## DATA PROVIDED
----------

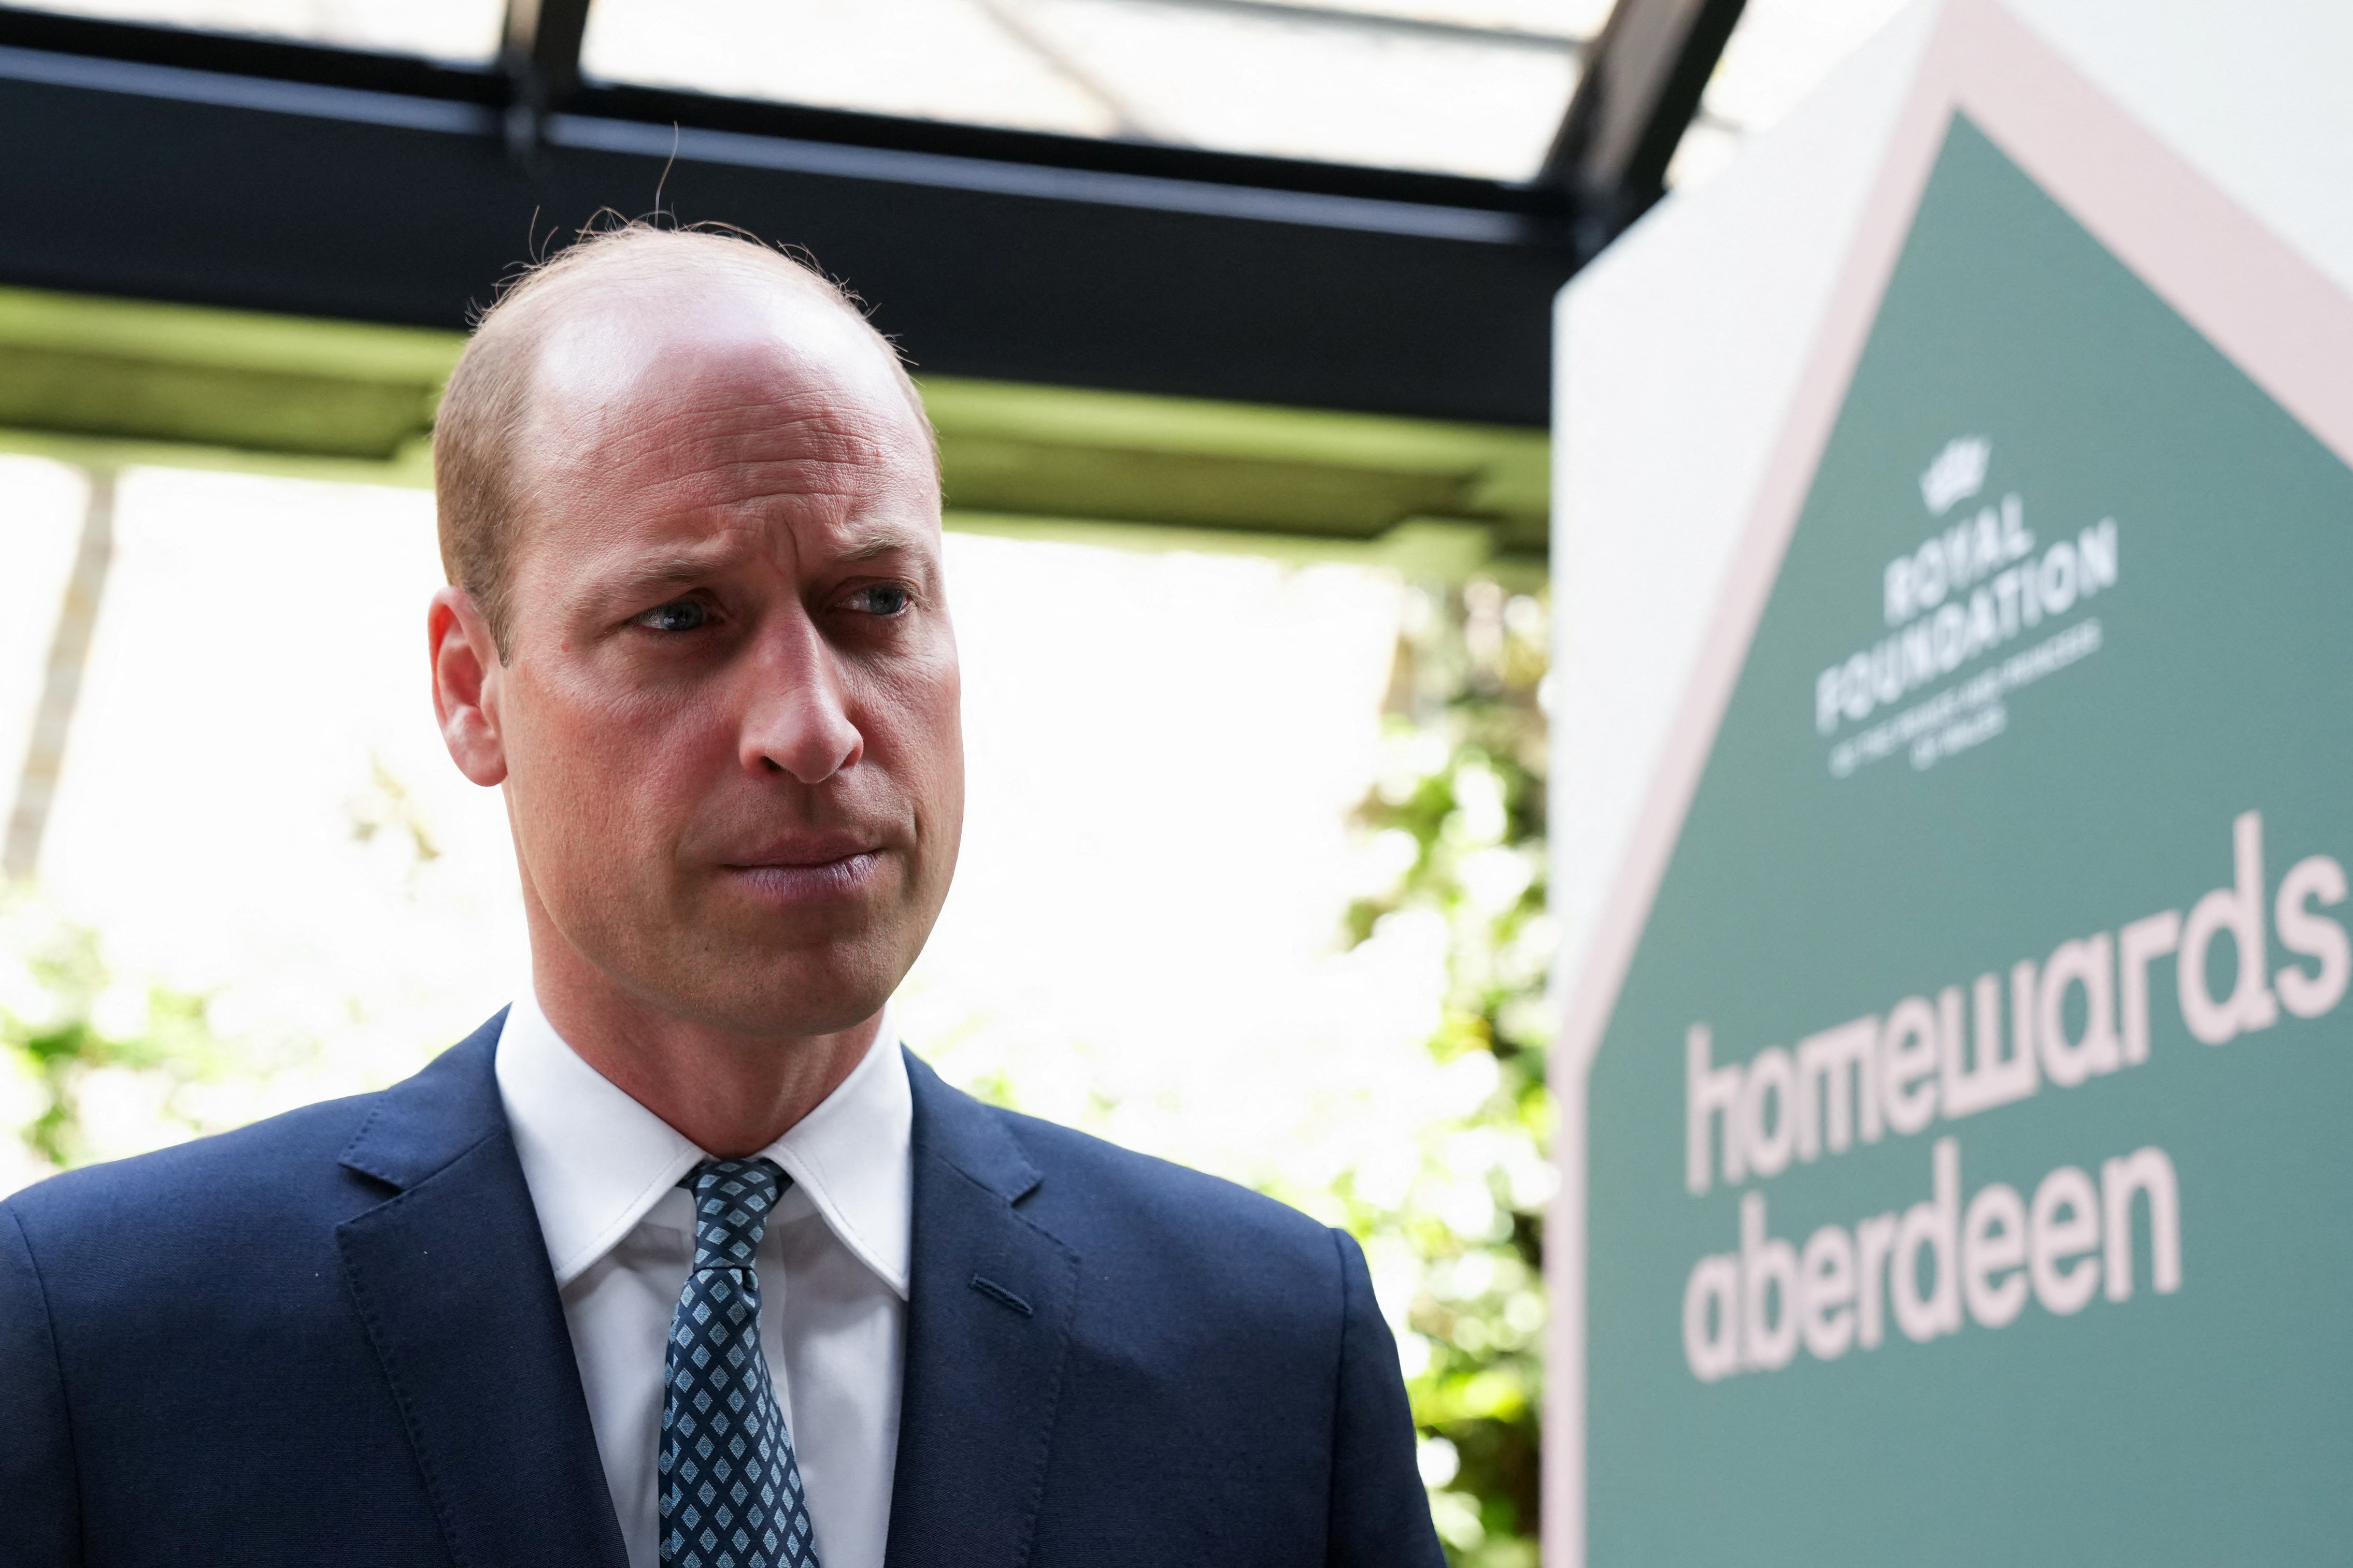 Homewards is a five-year project launched by William in 2023 to tackle homelessness
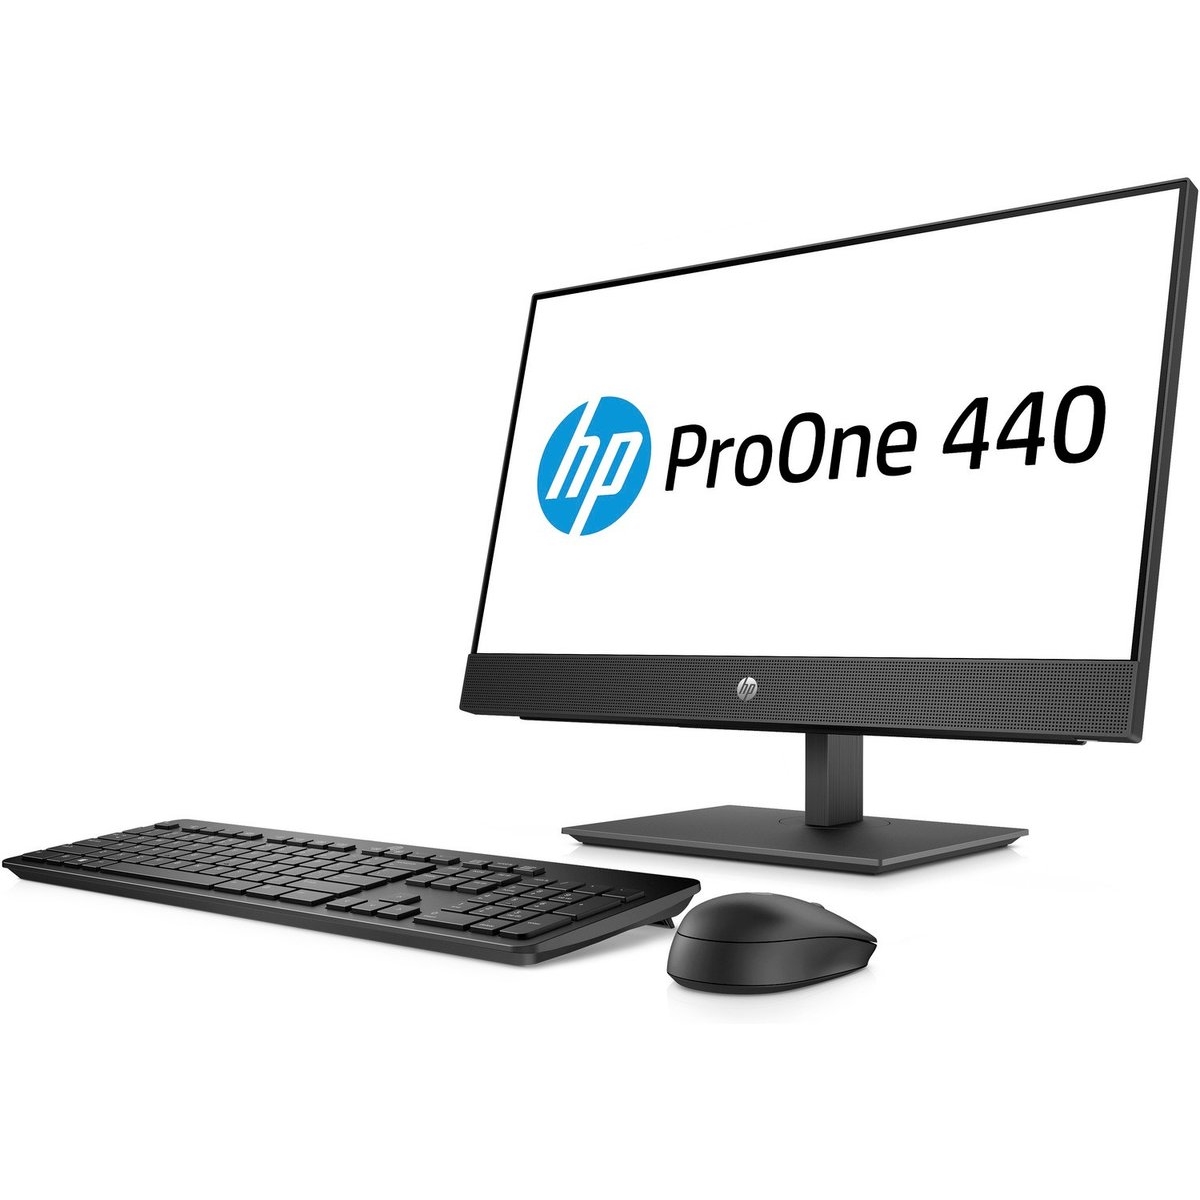 HP PROONE 440 G4 4NT87EA i5-8500T 4GB 1TB O/B VGA 23.8" NONTOUCH FREDOOS ALL IN ONE PC
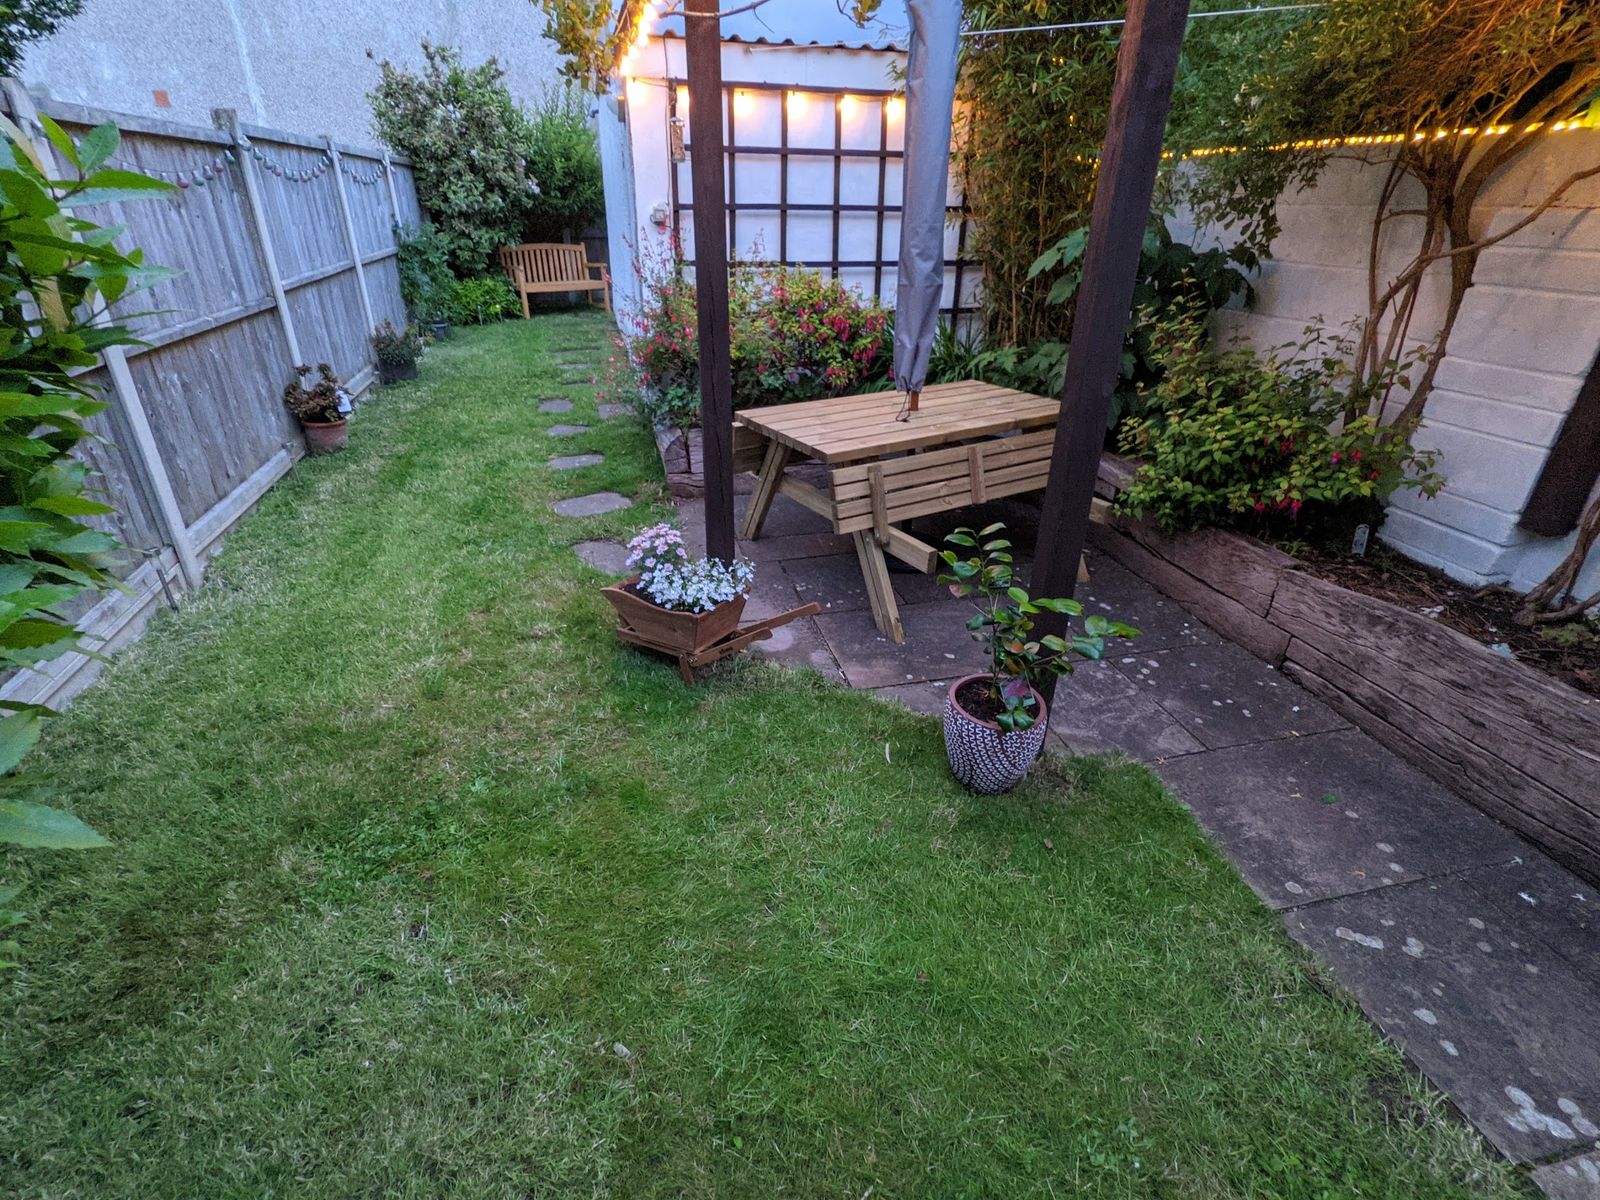 New garden benches and lights
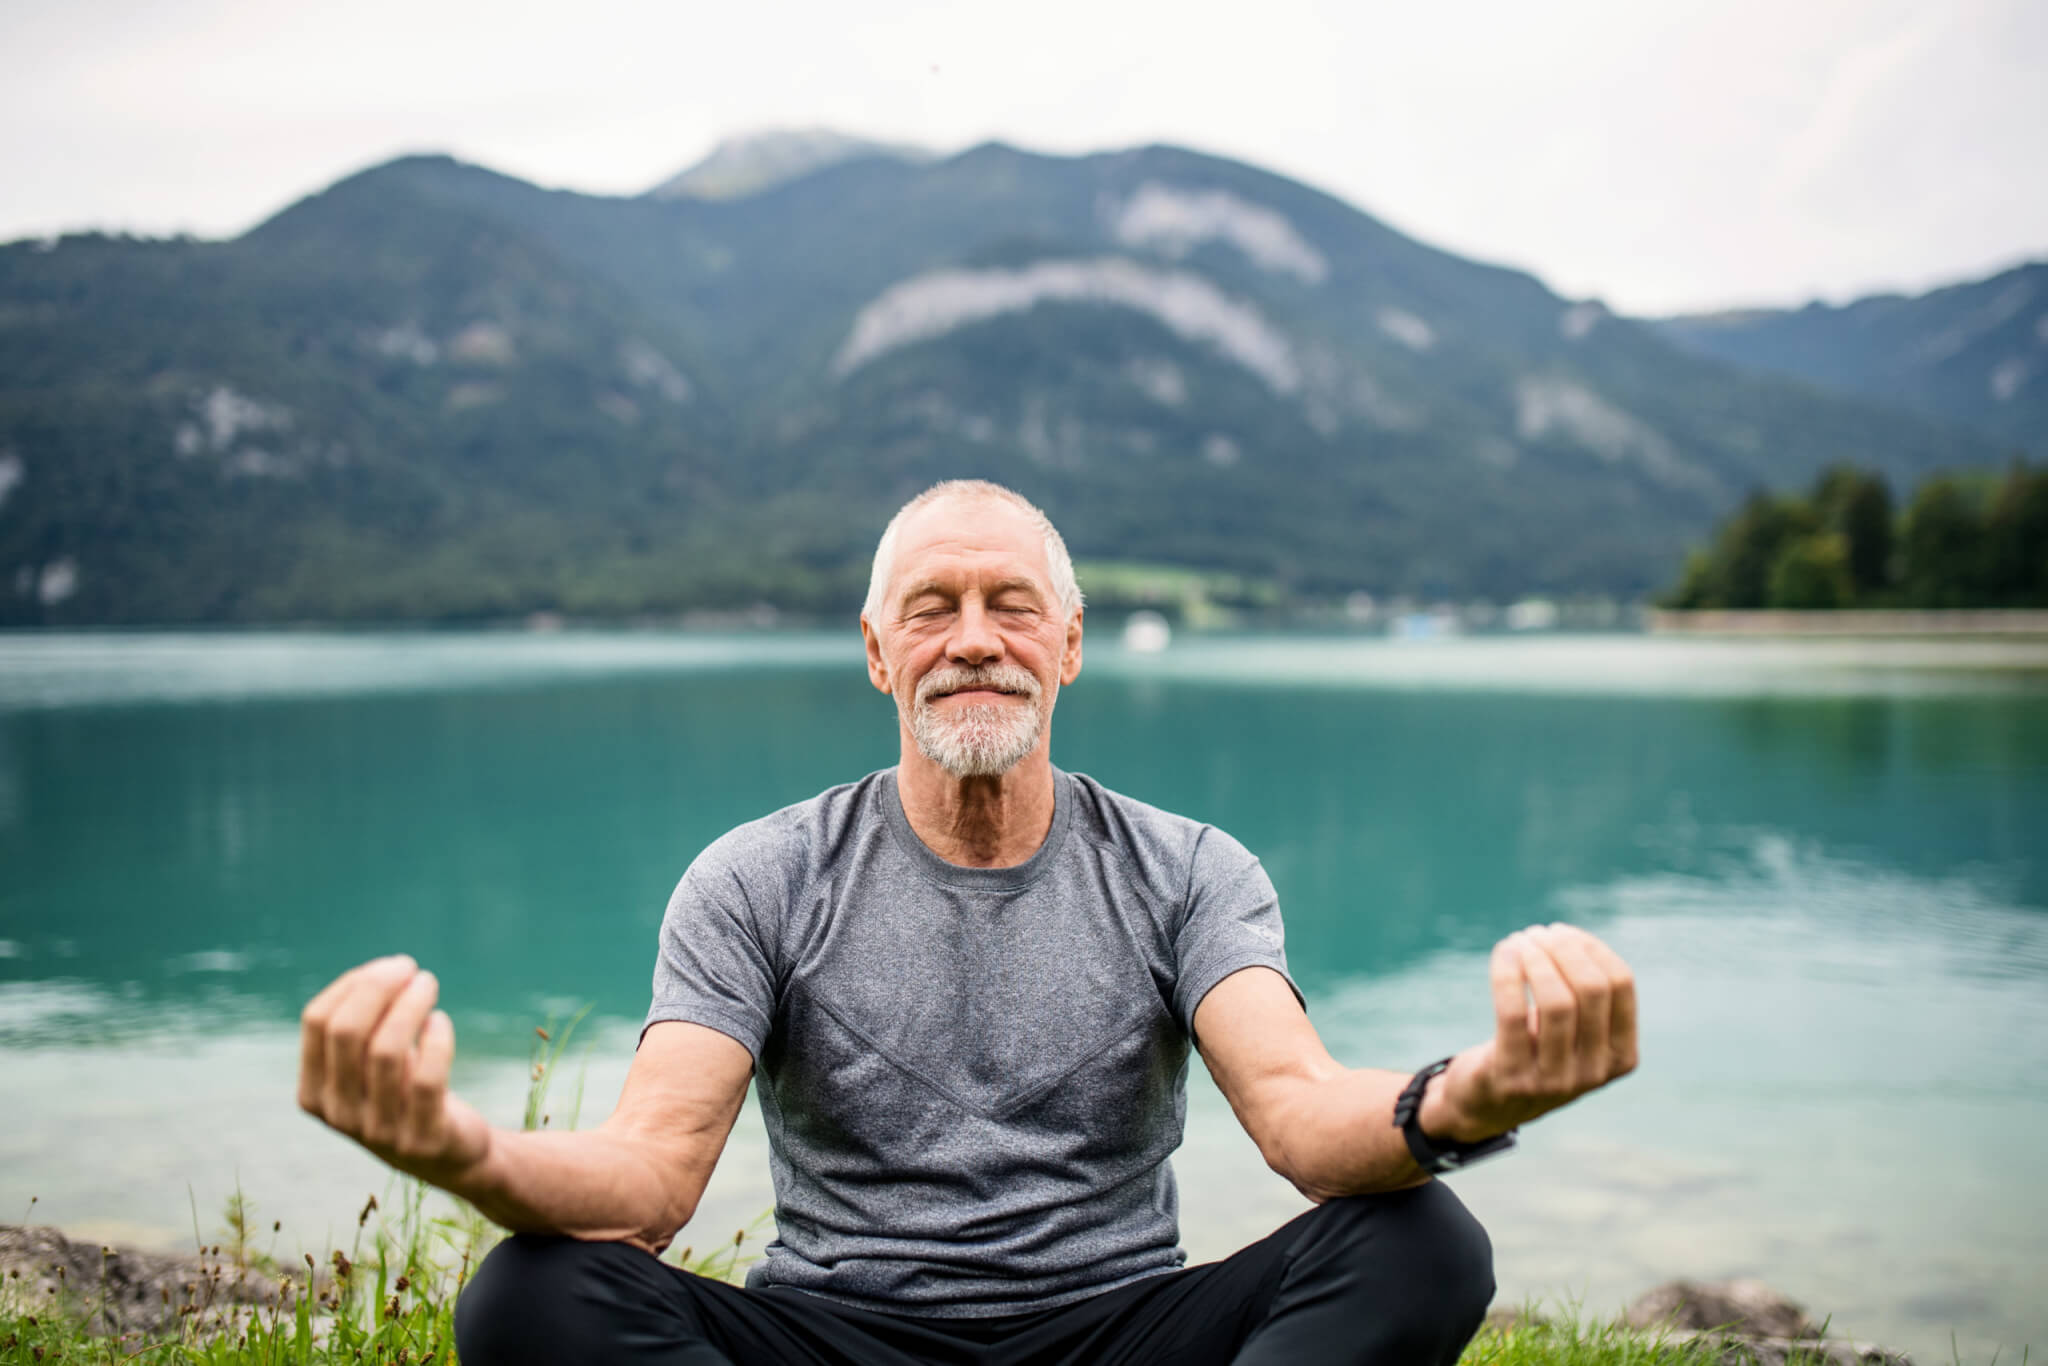 Meditating each day activates genes that fight off cancer and viruses like COVID-19 - Study Finds

----------

## DIRECTIONS
The listing above should be transcribed word for word, with its pictures left out.

## ANSWER SECTION
 Homewards is a five-year project launched by William in 2023 to tackle homelessness
 HP PROONE 440 G4 4NT87EA i5-8500T 4GB 1TB O/B VGA 23.8" NONTOUCH FREDOOS ALL IN ONE PC
 New garden benches and lights
 Meditating each day activates genes that fight off cancer and viruses like COVID-19 - Study Finds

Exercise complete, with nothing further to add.